DATA BELOW

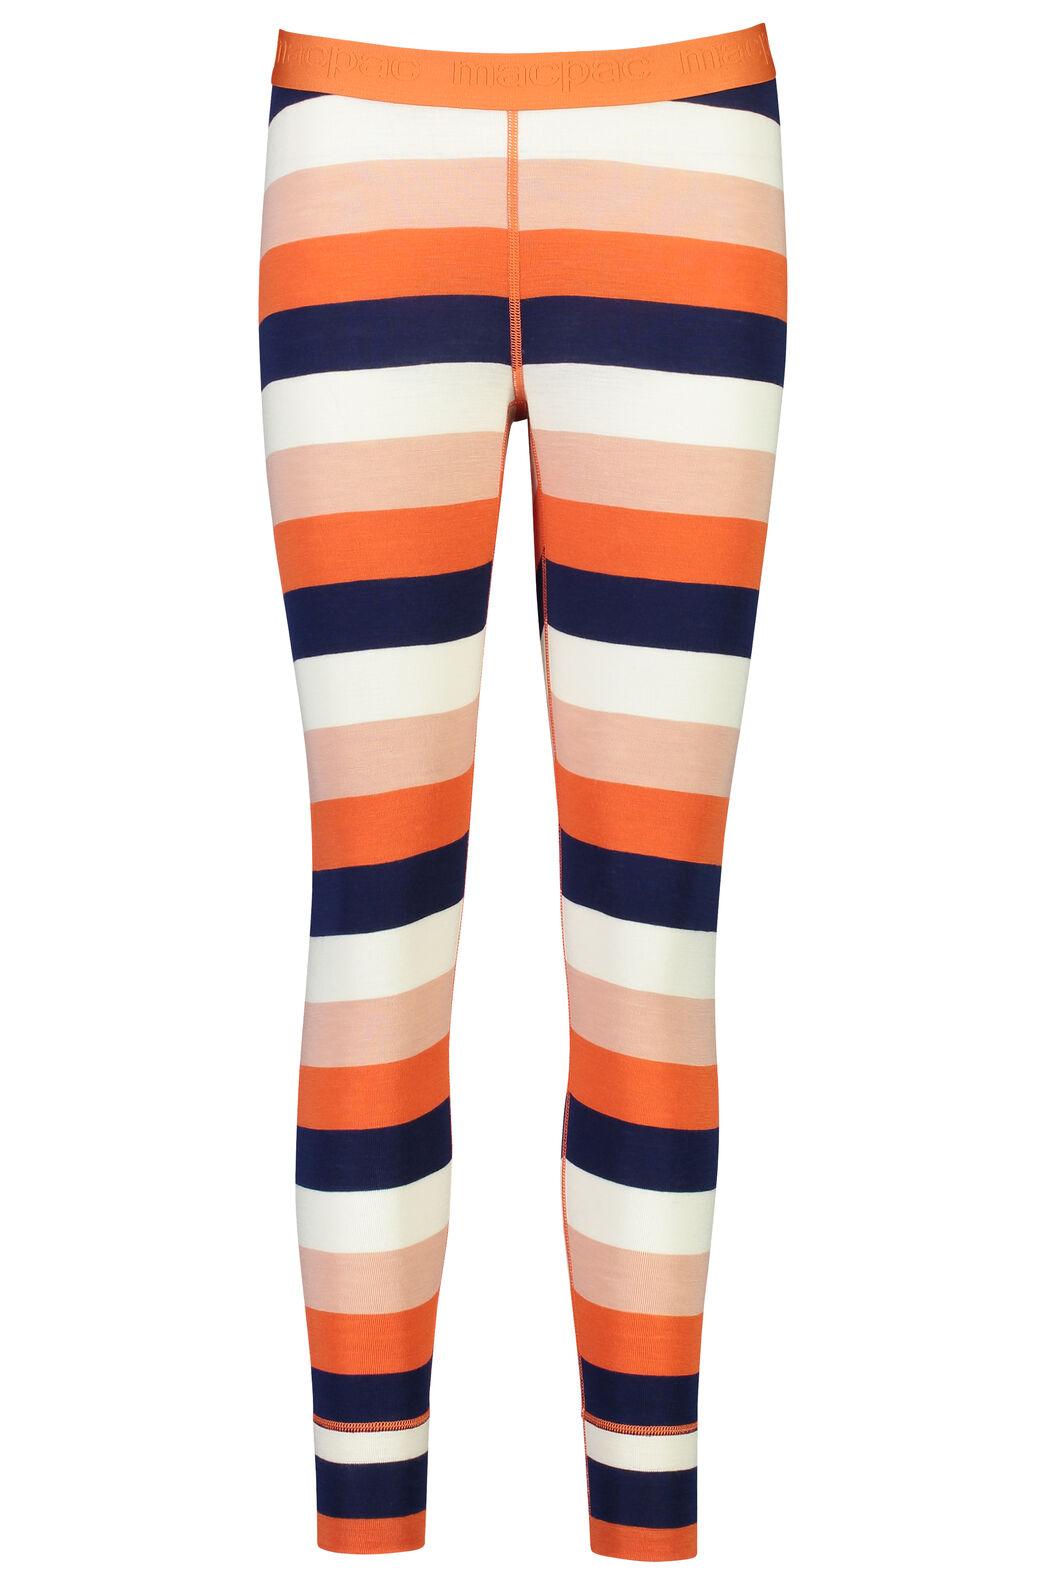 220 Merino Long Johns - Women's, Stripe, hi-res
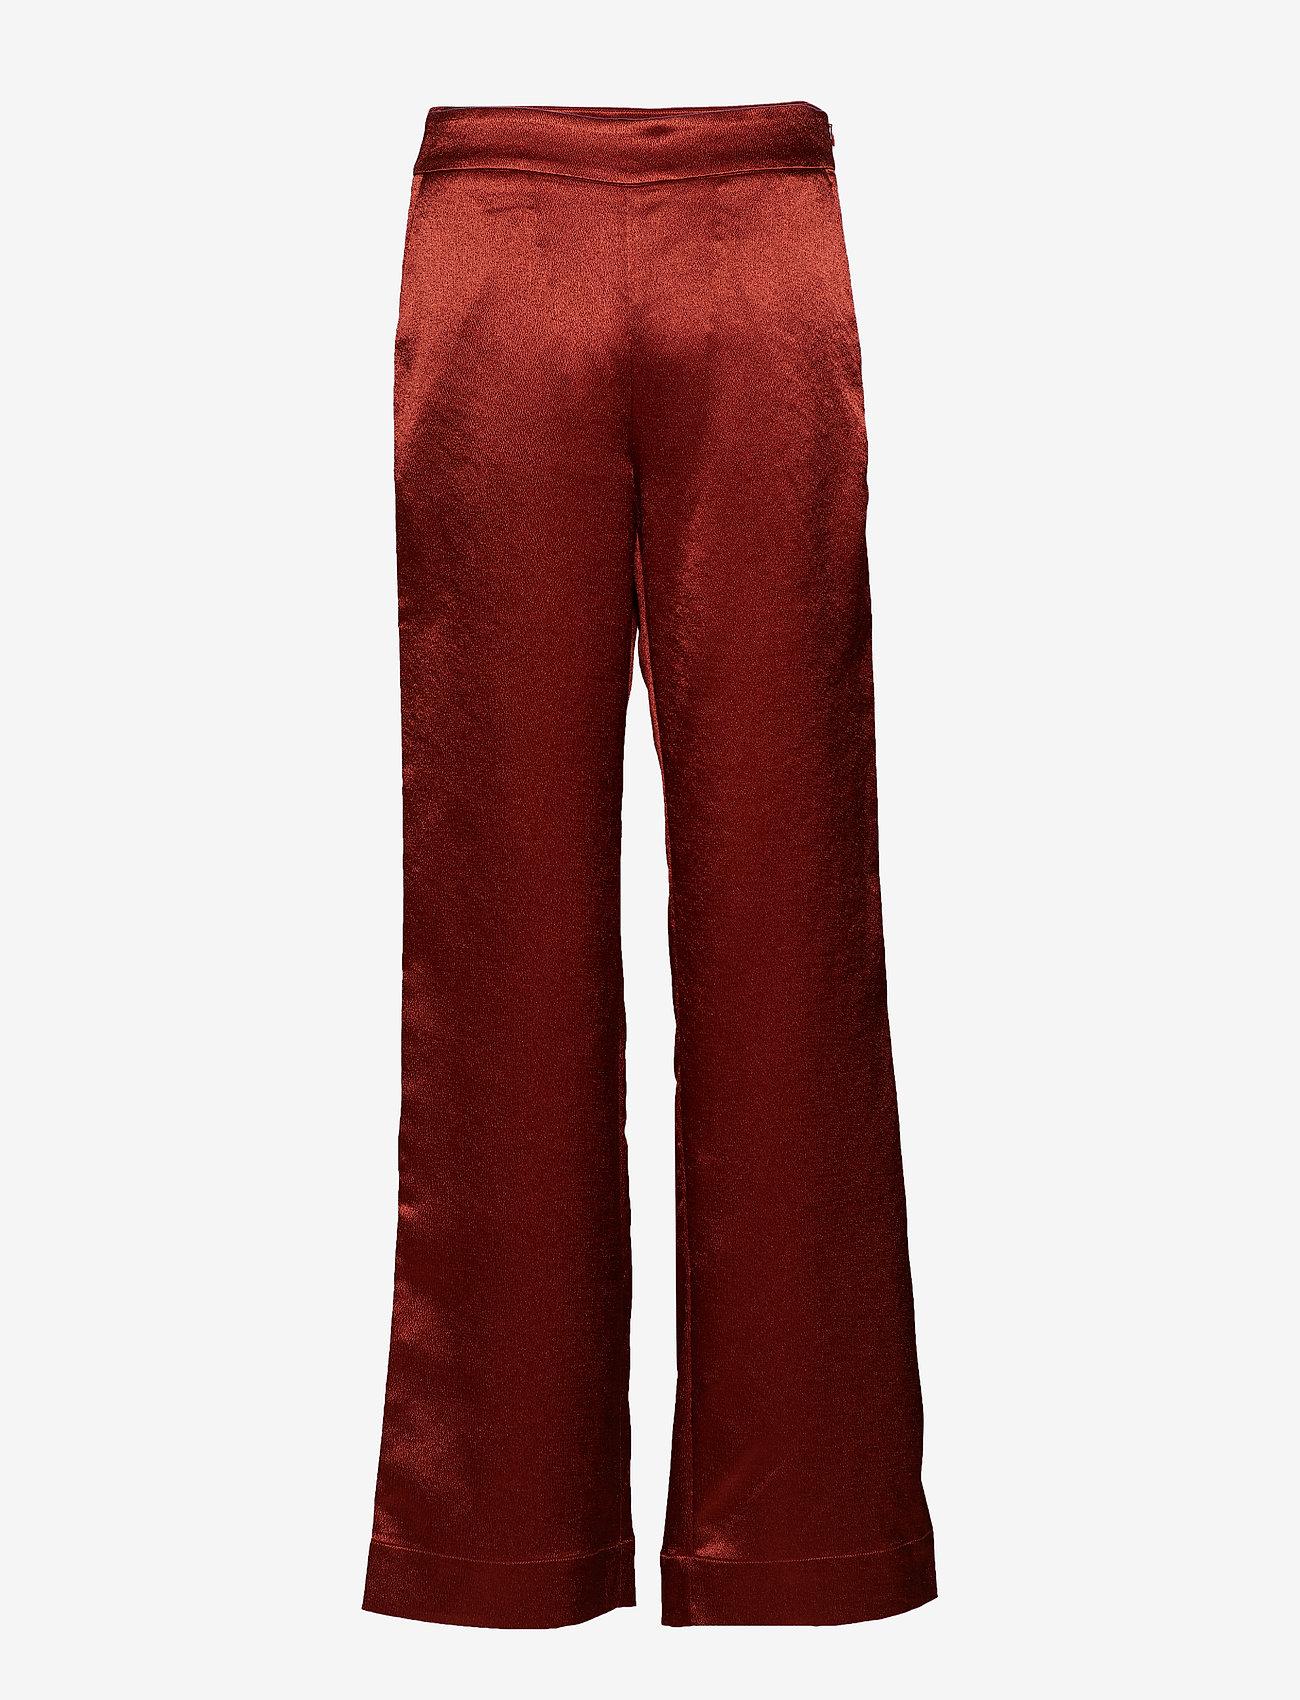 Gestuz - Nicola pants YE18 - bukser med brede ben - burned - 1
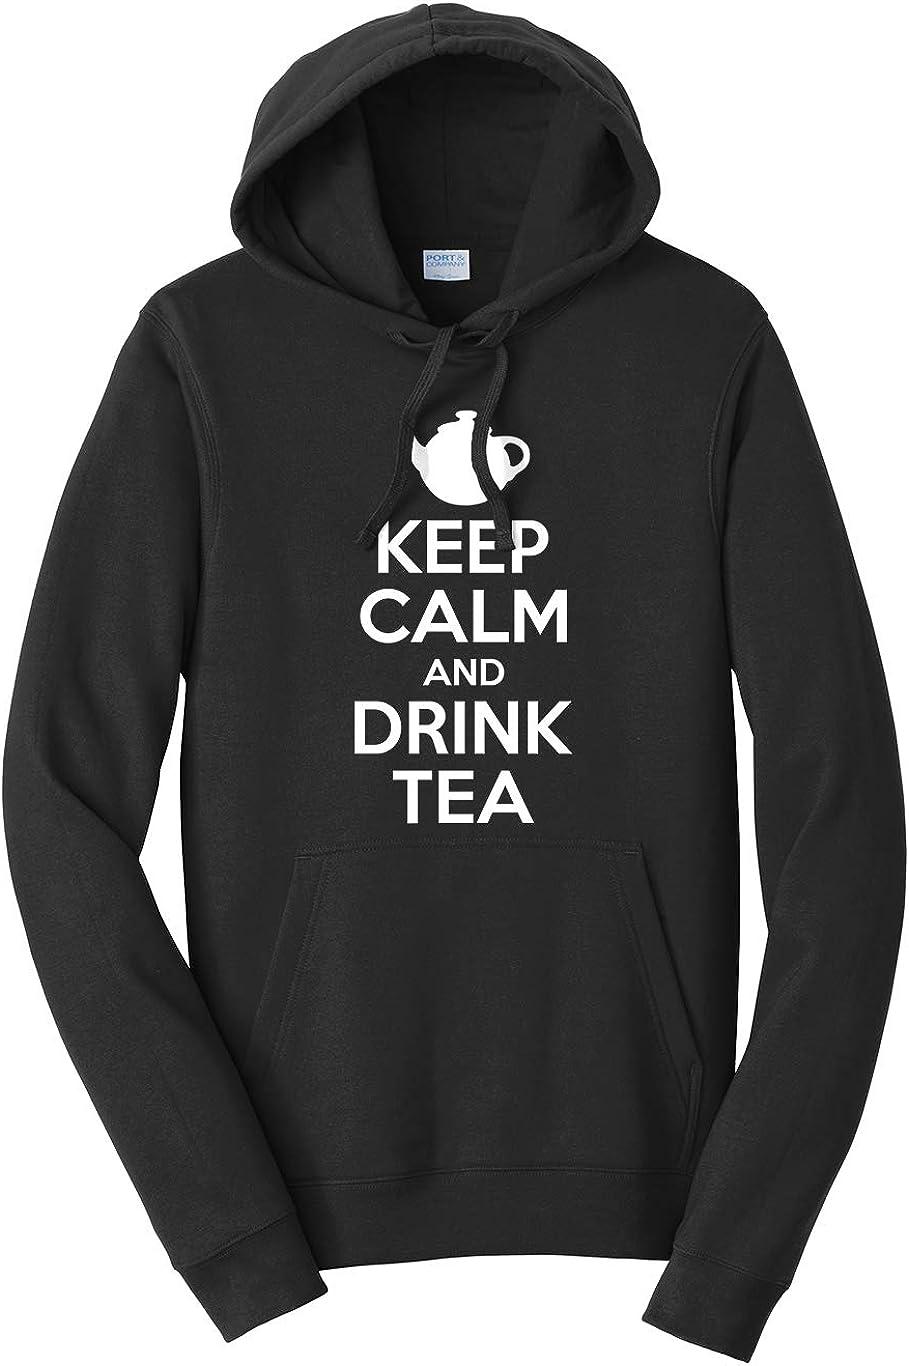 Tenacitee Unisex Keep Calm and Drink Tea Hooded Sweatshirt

DIRECTIONS
Where a picture appears in the material above, skip it, and print the rest exactly.

EXERCISE RESPONSE
 220 Merino Long Johns - Women's, Stripe, hi-res
 Gestuz - Nicola pants YE18 - bukser med brede ben - burned - 1
 Tenacitee Unisex Keep Calm and Drink Tea Hooded Sweatshirt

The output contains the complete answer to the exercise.